O interesse estratégico, como analista e ativista, é alimentar o debate entre cidadanias ativas para que assumamos mais e mais o papel único que só cabe a nós, pela participação engajada em todos os espaços possíveis, do chão da sociedade: na vizinhança e nas comunidades, local de trabalho, organizações e movimentos sociais, redes, coalizões e fóruns. Mas, participação que deve buscar incidir estrategicamente nos espaços do poder, ministérios, conselhos, legislativo, do local ao estadual e chegando no “planalto” em Brasilia. É neste processo de disputa política que se define a hegemonia, influindo nas propostas e formulações políticas para gerir a economia do país – dever do Estado em democracias intensas – chegando aos espaços sociais e políticos mundiais. Fazer propostas, debater e pressionar é tarefa nossa, gostem ou não  os detentores de mandatos conseguidos pelo nosso voto ou os poderosos “donos” da economia que destrói, voltada especialmente para alimentar o mercado neoliberal sem respeito à integridade natural do planeta. 

Como conciliar a agenda ambiental e climática com distribuição de renda

Aqui e feito um alerta sobre uma questão contraditória, tensa entre nós mesmos que apostamos nas virtudes e possibilidades de construção democrática de um país de mais igualdade de direitos humanos e civis, com respeito a diversidade, de cuidado, convivência e compartilhamento, tanto de gente como da natureza. Há, sem dúvida, o mantra do desenvolvimento – como foi refletido em postagens anteriores – que contaminou e continua bloqueando muito do que e possível pensar sobre economia. E há o tabu de que a agenda ambiental e climática é coisa de quem não sofre as urgências do cotidiano: trabalho decente, transporte, renda, comida, casa, filhos, escola e saúde.

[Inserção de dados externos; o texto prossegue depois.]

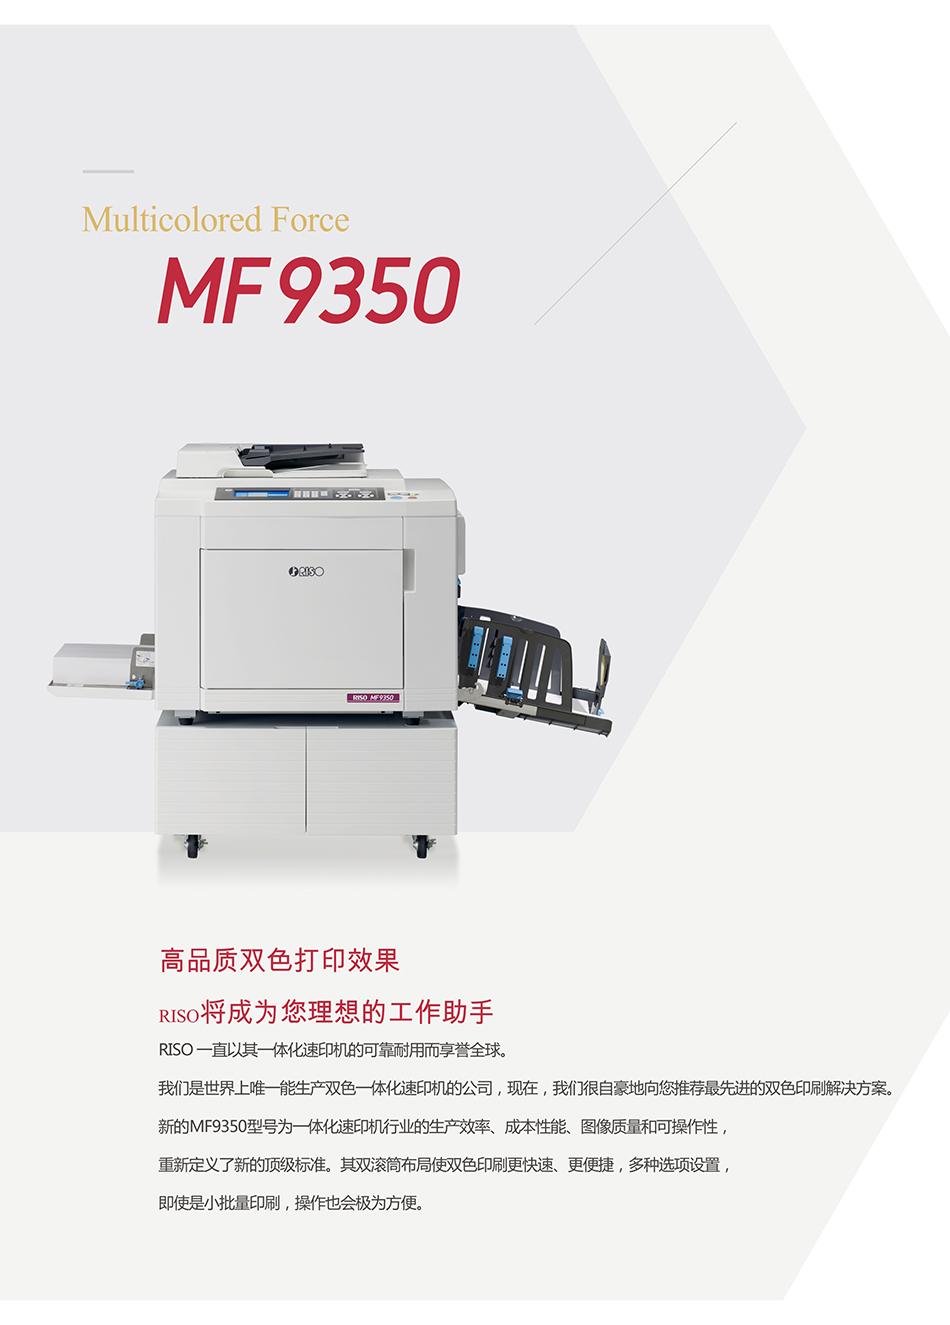 MF9350彩页--2-950.jpg

Na verdade, quem ainda pensa assim, parece que não está vendo e sentindo o drama vivido por enormes contingentes de nossa população – especialmente dos mais pobres e vulneráveis, vivendo em periferias urbanas e rurais – com os eventos climáticos extremos que vem se tornando cotidianos em nosso país tropical. No caso do Brasil, a principal contribuição em emissões que causam mudança climática vem do agronegócio, sem dúvida um dos maiores produtores mundiais de grãos e carnes do mundo. No entanto, temos fome e miséria no Brasil! E apostar em nos tornarmos um pais com grande presença petrolífera é assumir mais responsabilidade pela mudança climática. É isto que queremos ou precisamos?

[i][i] Segundo Houaiss, trata-se de algo malfeito, com estrutura frágil e funcionamento precário.

*Cândido Grzybowski, foi um dos membros do comitê que iniciou o Fórum Social Mundial, em 2001, no Brasil. De 2002 a 2004, participou do Fórum de Diálogos de Cooperação Internacional, promovido pelo Ministério de Cooperação da França. Em 2005, participou do International Forum on Globalization (IFG), na Califórnia, Estados Unidos. Durante 20 anos, de 1987 a 2007, foi do Conselho Administrativo do Institute for Agriculture e Trade Policy (IATP). Atualmente, é associado à Fase, ao Instituto de Estudos Socio-economicos (Inesc), vice-presidente do Centro de Criação de Imagem Popular (Cecip) e membro do Grupo de Referência Global da organização internacional Pão para o Mundo. Desde XXXX, integra a Great Transition Iniciative.